**Your objective**
Retype the lines of the material below, exactly and only, from the one containing "UGG<SUP>®</SUP> 'Mellie' Slide" through the last line, with pictures left out.

**Information supplied**

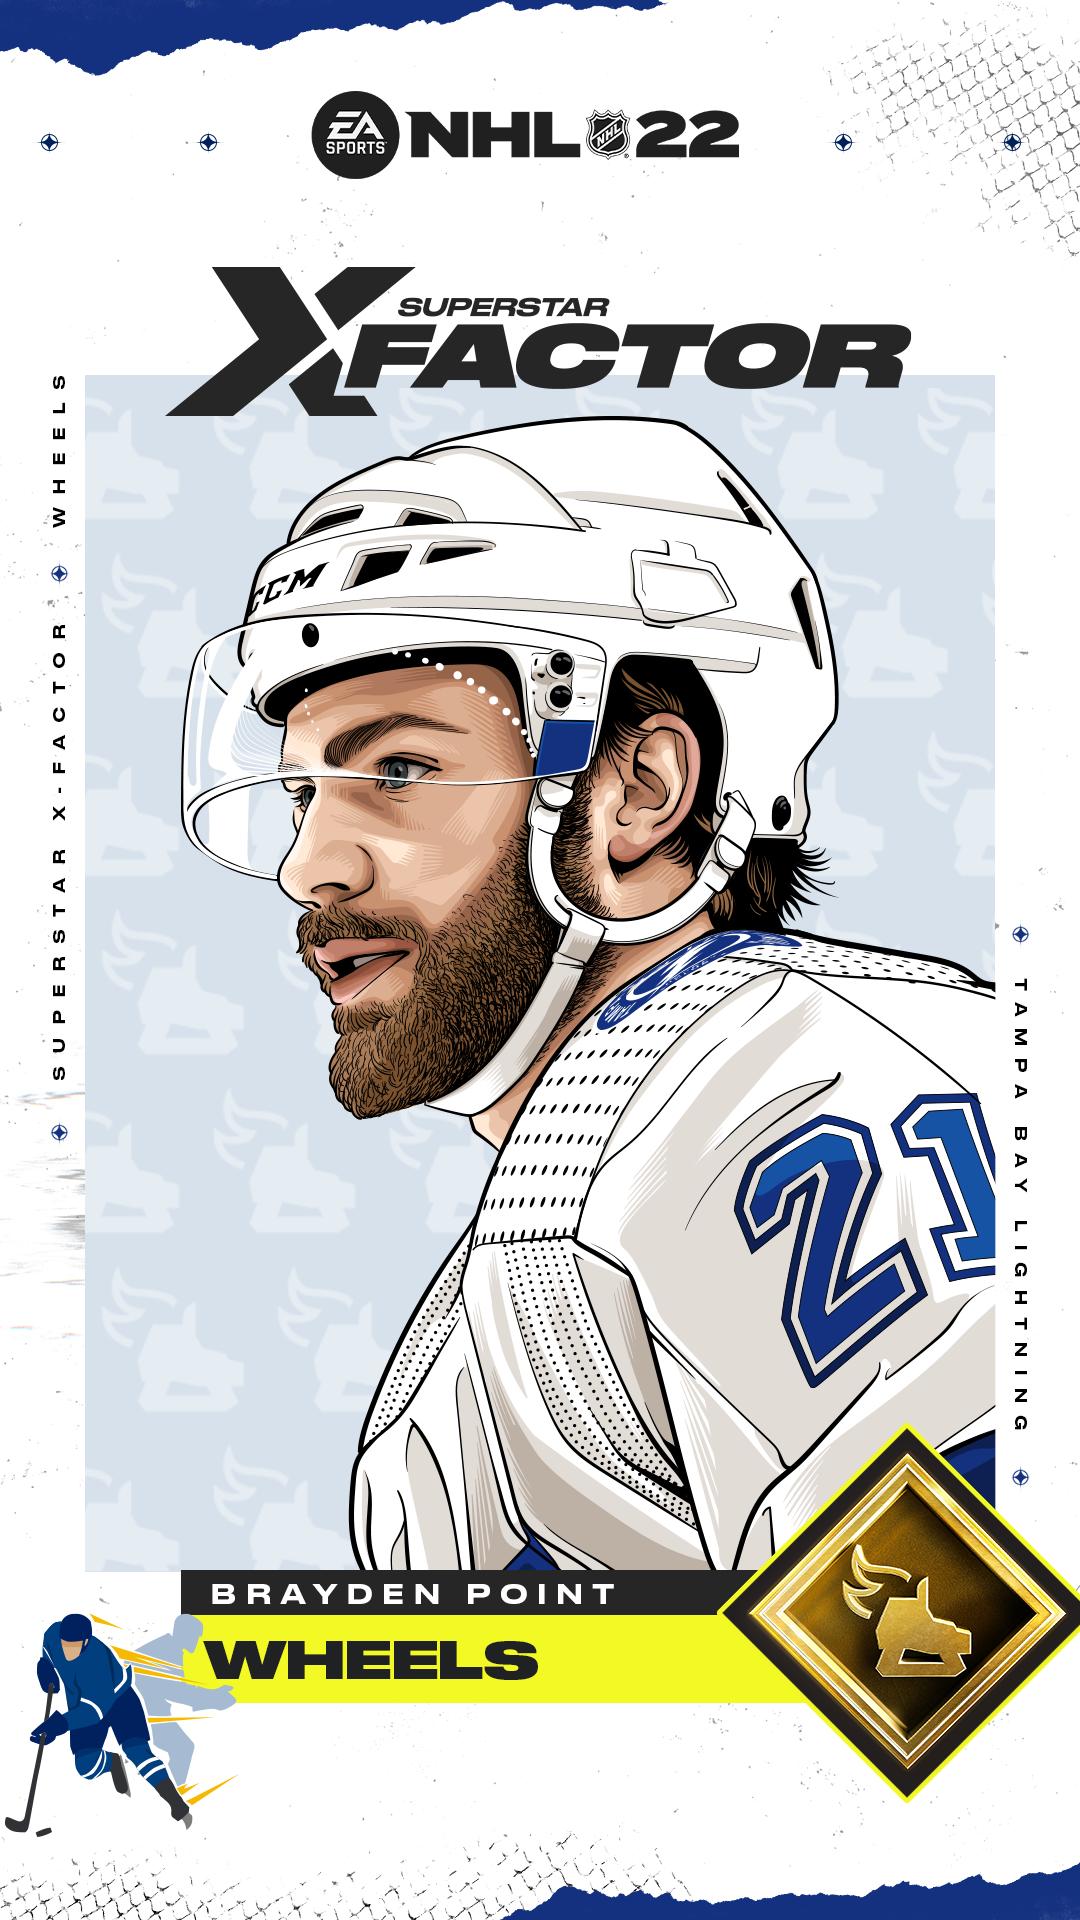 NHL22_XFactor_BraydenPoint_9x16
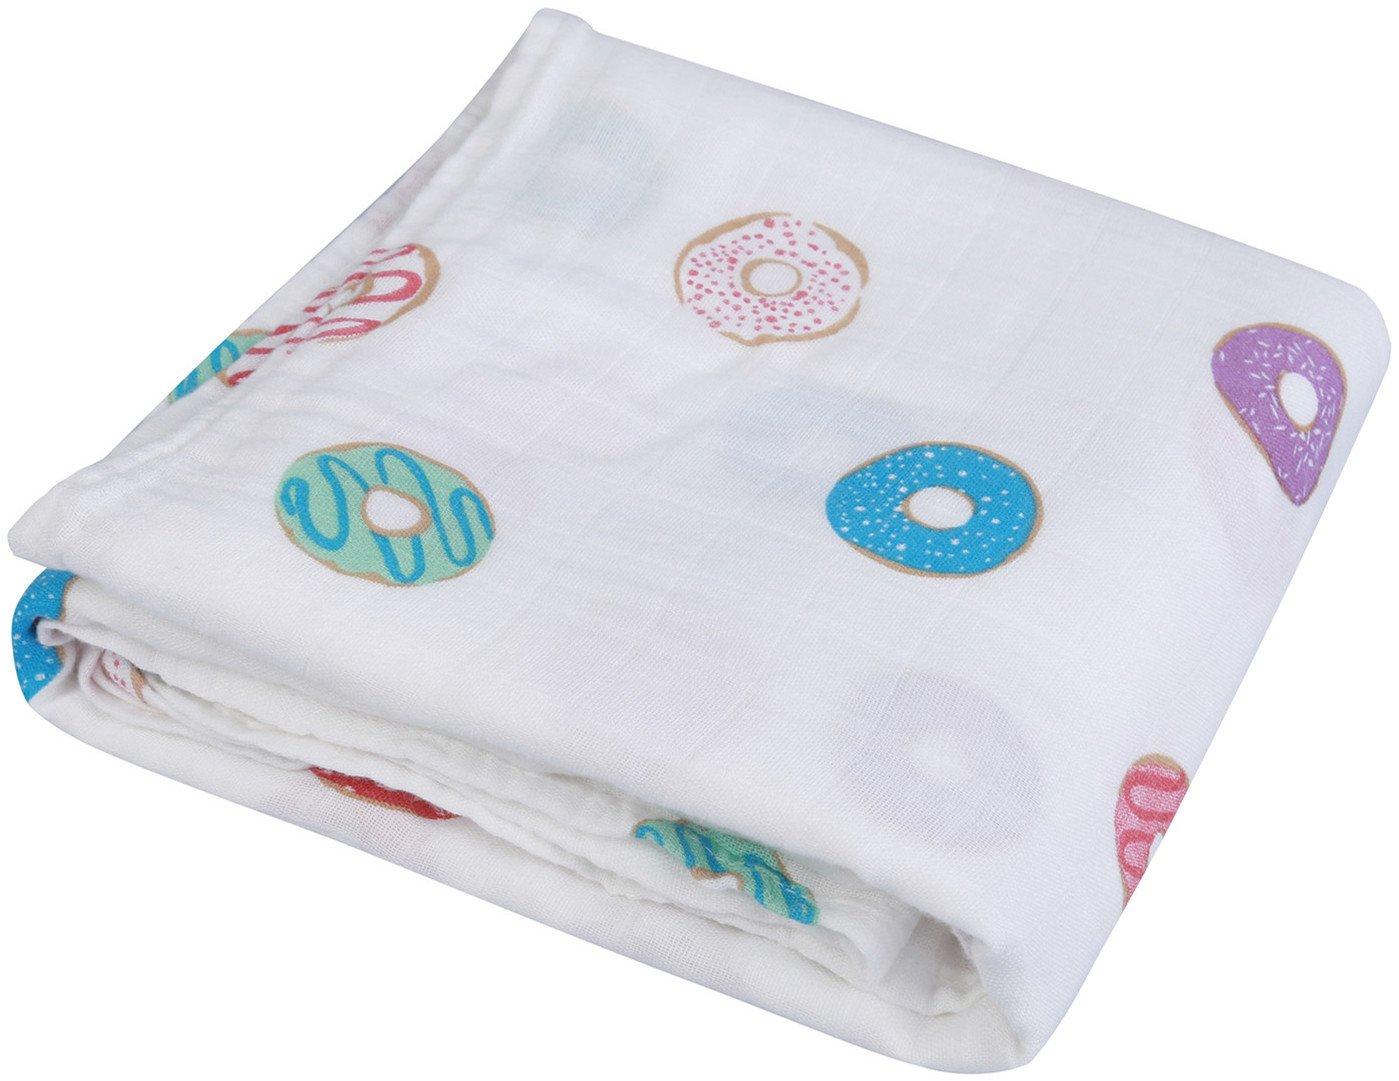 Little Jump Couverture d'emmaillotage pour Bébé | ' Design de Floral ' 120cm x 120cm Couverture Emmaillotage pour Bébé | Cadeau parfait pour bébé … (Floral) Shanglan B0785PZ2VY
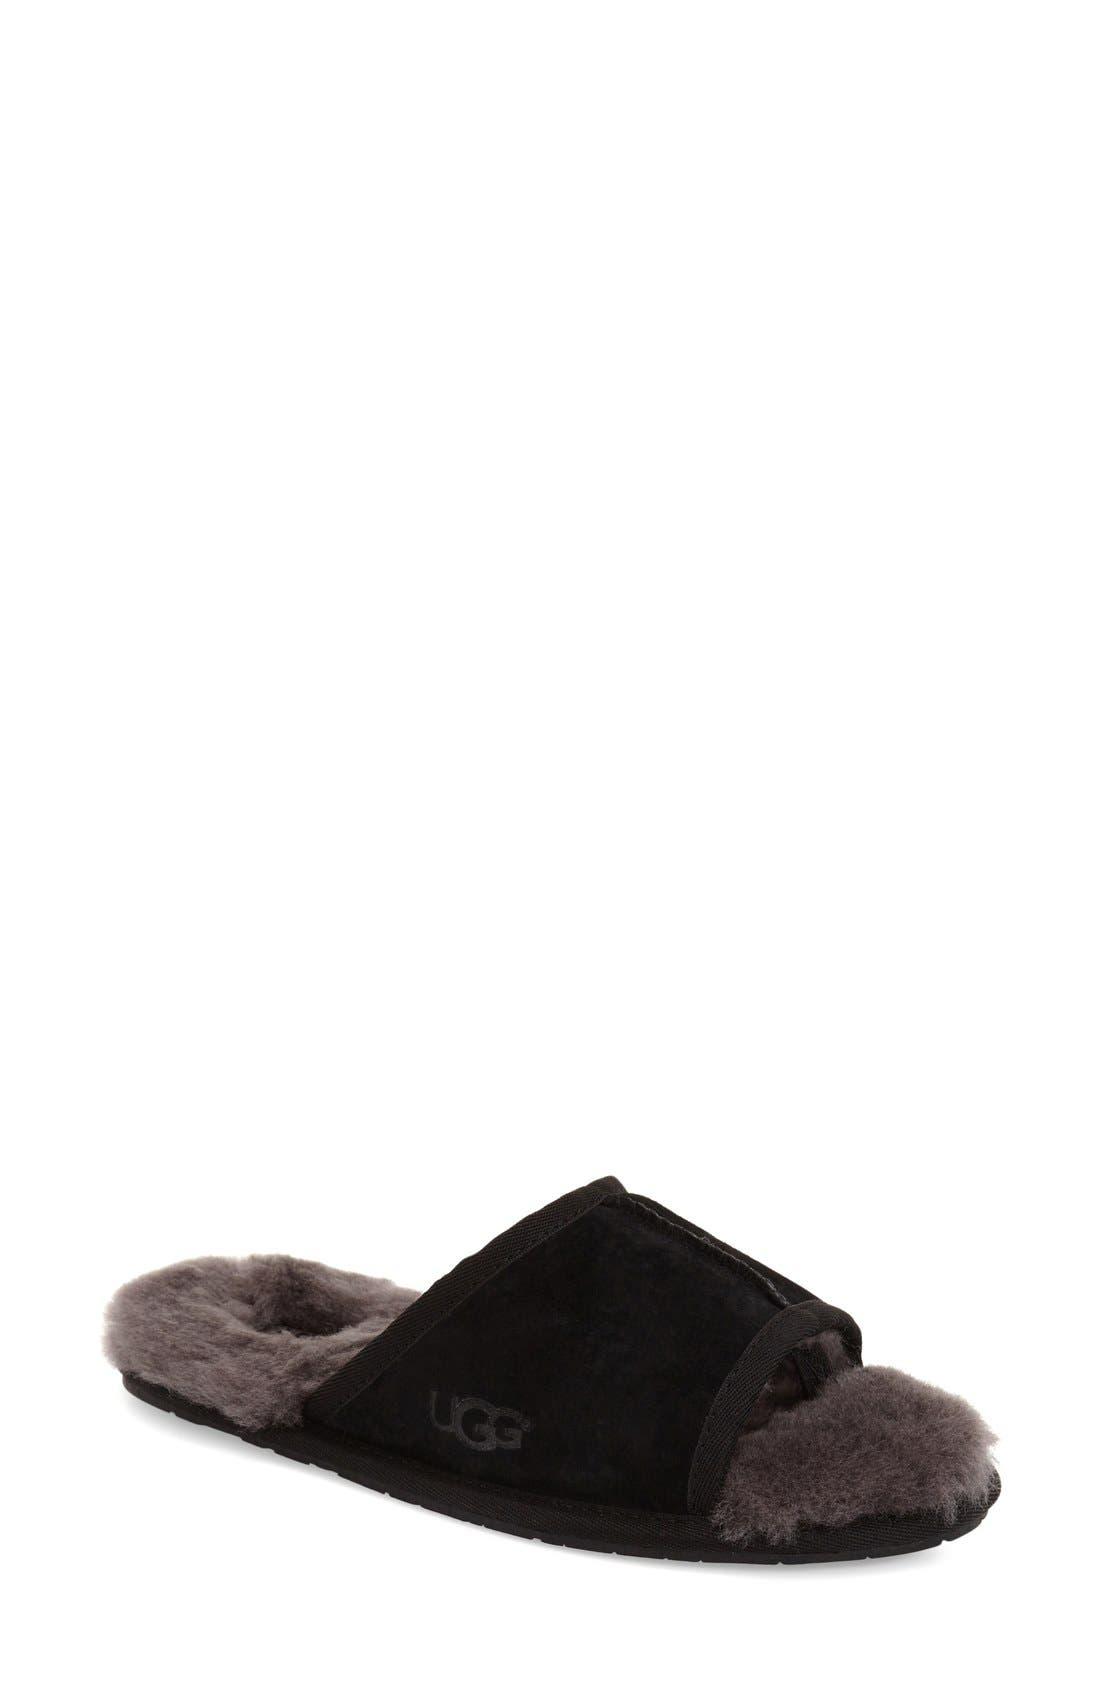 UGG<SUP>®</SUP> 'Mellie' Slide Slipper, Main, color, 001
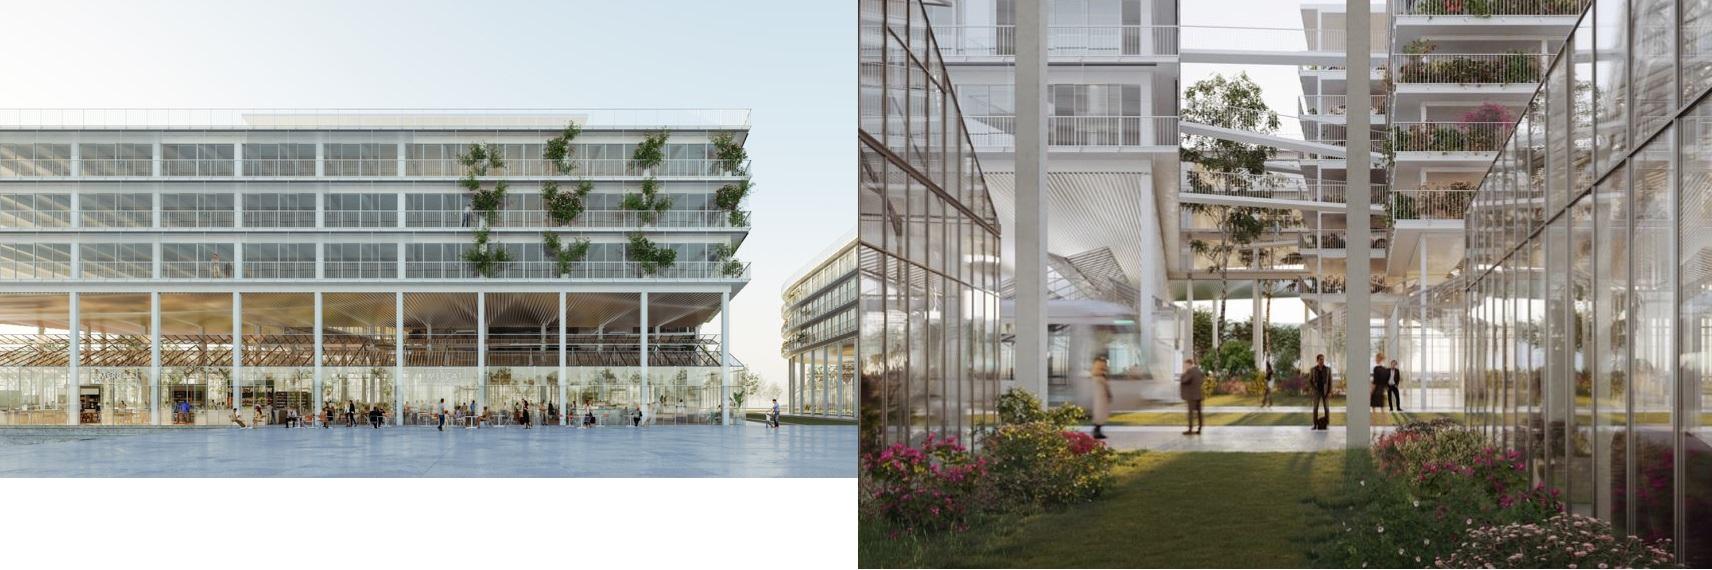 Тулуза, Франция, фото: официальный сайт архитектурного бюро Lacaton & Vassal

**Solution for this problem**
 UGG<SUP>®</SUP> 'Mellie' Slide Slipper, Main, color, 001
 Тулуза, Франция, фото: официальный сайт архитектурного бюро Lacaton & Vassal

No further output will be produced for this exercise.